Betrixaban (BT), a highly selective direct oral inhibitor of Factor Xa (FXa), is an o-aminobenzamide structural compound developed by Merck for the prevention of venous thromboembolism and related complications in acutely ill patients (Patel et al., 2016). More than 80% of BT is excreted in its original form in the bile, making it the least renally excreted among the xaban anticoagulant drugs, including Rivaroxaban, Apixaban, and Edoxaban. Based on this metabolic property, BT is of great research interest in cardio-cerebrovascular patients with renal insufficiency or severe impairment and plays a vital role in anticoagulation (Zhang et al., 2009; de Vries et al., 2020). In addition to its clinical applications, BT exhibits extensive pharmacological effects, including antiviral and anti-inflammatory activities (Al-Horani, 2020). Recent studies have identified BT as a potential inhibitor of coronavirus main protease (Mpro) capable of significantly reducing virus-induced cytopathic effects by virtual screening technology and in vitro drug activity assay experiments (Ambrosio et al., 2023). A large-scale, high-throughput computational screen in the Selleckchem FDA-approved drug library revealed that BT has the ability to bind to TMPRSS2, a cellular receptor for most coronaviruses. Inhibition of TMPRSS2 protein activity blocks viral invasion (Kim et al., 2020). Furthermore, BT was identified as a repurposed drug candidate against SARS-CoV-2 by using artificial intelligence and machine learning (Rajput et al., 2021). This finding suggests BT’s potential as a coronavirus therapeutic agent. However, the broad-spectrum antiviral effects and mechanisms of BT remain poorly studied.
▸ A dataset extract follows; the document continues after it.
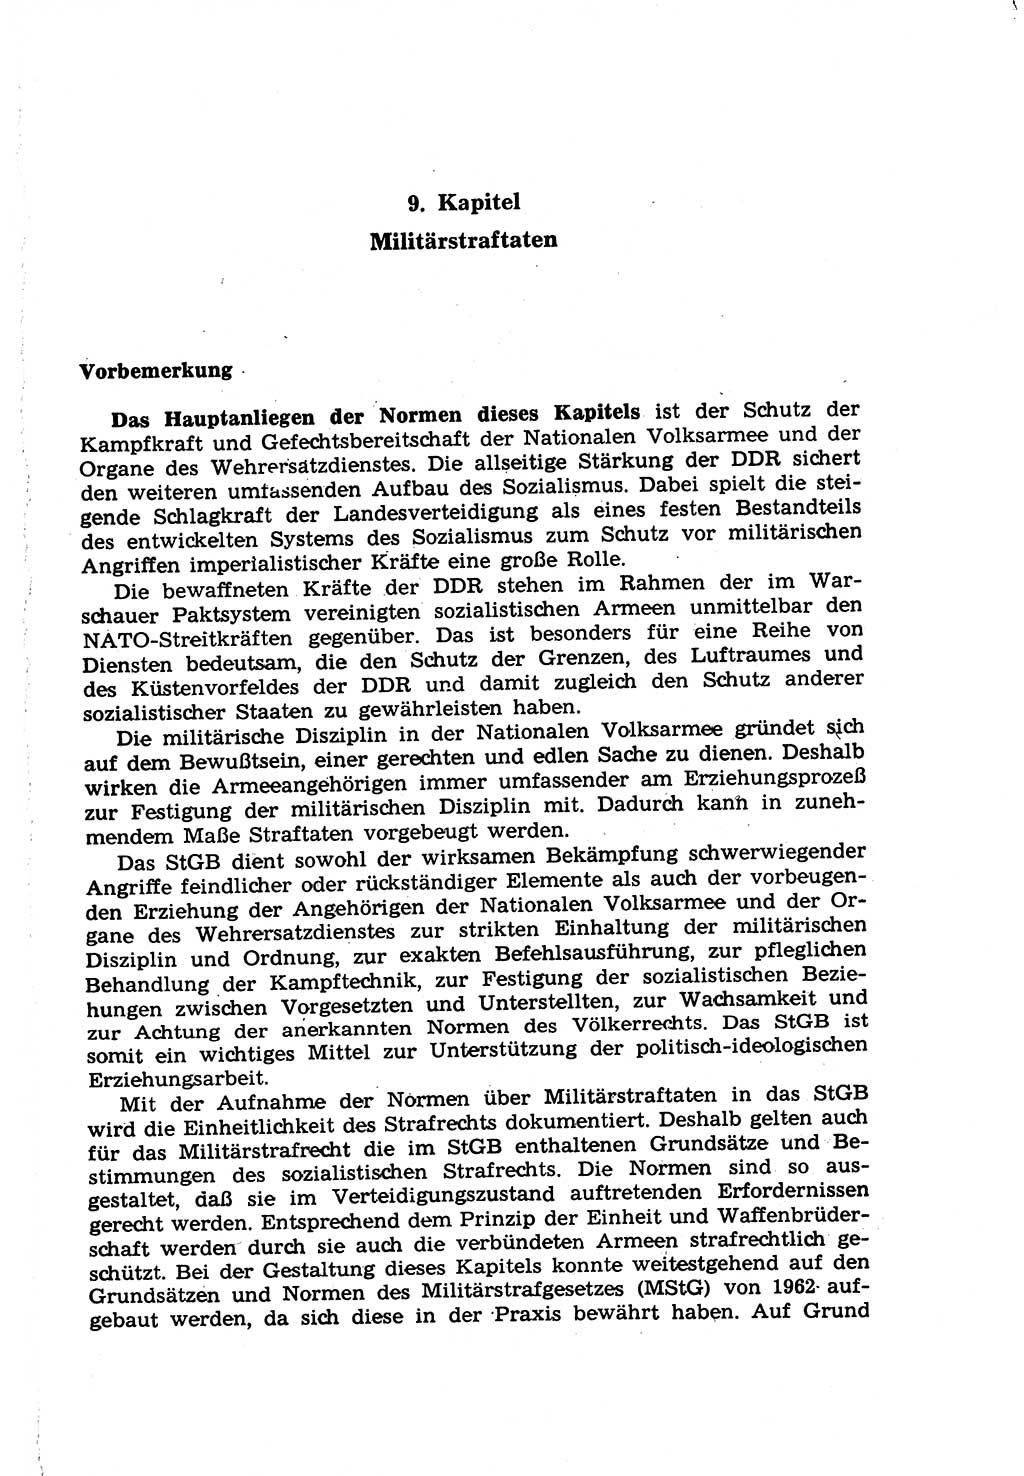 Strafrecht der Deutschen Demokratischen Republik (DDR), Lehrkommentar zum Strafgesetzbuch (StGB), Besonderer Teil 1970, Seite 295 (Strafr. DDR Lehrkomm. StGB BT 1970, S. 295)

Here, using a firefly luciferase (Luc) reporter system, a library of small molecules from MCE was screened to identify IFN-I activators. We found that the compound BT effectively activated innate immunity. Subsequently, we demonstrated for the first time that BT remarkably suppressed a wide range of viral replications in vitro, including vesicular stomatitis virus (VSV), encephalomyocarditis virus (EMCV), MHV strain A59 (MHV-A59), influenza A virus (IAV), and herpes simplex virus type 1 (HSV-1). Further analysis revealed that this inhibition occurred through type I interferon signaling and was independent of FXa. Mechanistically, BT enhanced IFN-I responses via the TBK1-IRF3 signaling pathway, inducing robust ISGs expression and antiviral immunity. Additionally, in VSV-infected mice, BT significantly inhibited the replication of VSV and improved survival, confirming its potential as a systemic antiviral agent. Collectively, our findings indicate that BT is a novel innate immune activator and a broad-spectrum antiviral inhibitor, positioning it as a promising drug candidate for viral infectious diseases that may emerge in the future.

Materials and methods

Antibodies and reagents

Rabbit anti-VSV-G-Tag antibodies were purchased from Boster (catalog no. BM3890). Rabbit antibodies against TBK1 (catalog no. 28397-1-AP) and Beta Tubulin (catalog no. 10094-1-AP), along with mouse antibodies targeting Beta Actin (catalog no. 66009-1-Ig) and the mCherry tag (catalog no. 68088-1-Ig), were procured from Proteintech. Additional antibodies, including rabbit phospho-TBK1/NAK (Ser172) (D52C2) (catalog no. 5483), phospho-IRF-3 (Ser396) (D6O1M) (catalog no. 29047), and IRF-3 (D6I4C) (catalog no. 11904), were obtained from CST. The secondary antibody consisted of HRP-conjugated Affinipure Goat Anti-Rabbit IgG (H+L) (catalog no. SA00001-2) and HRP-conjugated Affinipure Goat Anti-Mouse IgG (H+L) (catalog no. SA00001-1), both procured from Proteintech. ABclonal supplied active recombinant mouse CSF-2/GM-CSF protein (catalog no. RP01206). Human recombinant IFN-β (catalog no. HY-P73128) was purchased from MCE.

Cell culture

The HeLa, Vero, A549, J774A.1, RAW264.7, HT29, and HEK293T cell lines were sourced from the American Type Culture Collection (ATCC). Bone marrow-derived macrophages (BMDMs) were obtained by isolating cells from the femurs and tibiae of 8-week-old mice, followed by culturing them in the presence of GM-CSF for 7 days to induce macrophage differentiation. The 2fTGH-interferon-stimulated response element (ISRE) cell line, which stably expresses an ISRE-driven luciferase reporter, was established by transfecting 2fTGH cells with the ISRE-luciferase plasmid, followed by stabilization. Vero, A549, J774A.1, RAW264.7, HEK293T, and BMDMs were maintained in Dulbecco’s Modified Eagle’s Medium (DMEM; EallBio, 03.1002C), while HeLa and HT29 cells were cultured in RPMI 1640 medium (EallBio, 03.4001C). All culture media were supplemented with 10% fetal bovine serum (FBS, TransGen Biotech, FS201-0) and 1% penicillin-streptomycin (TransGen Biotech, FG101-01). Cells were incubated at 37°C in a humidified incubator with 5% CO2. Cell lines utilized were maintained at low passage numbers (below 15 passages) to ensure consistent cellular characteristics and reproducibility.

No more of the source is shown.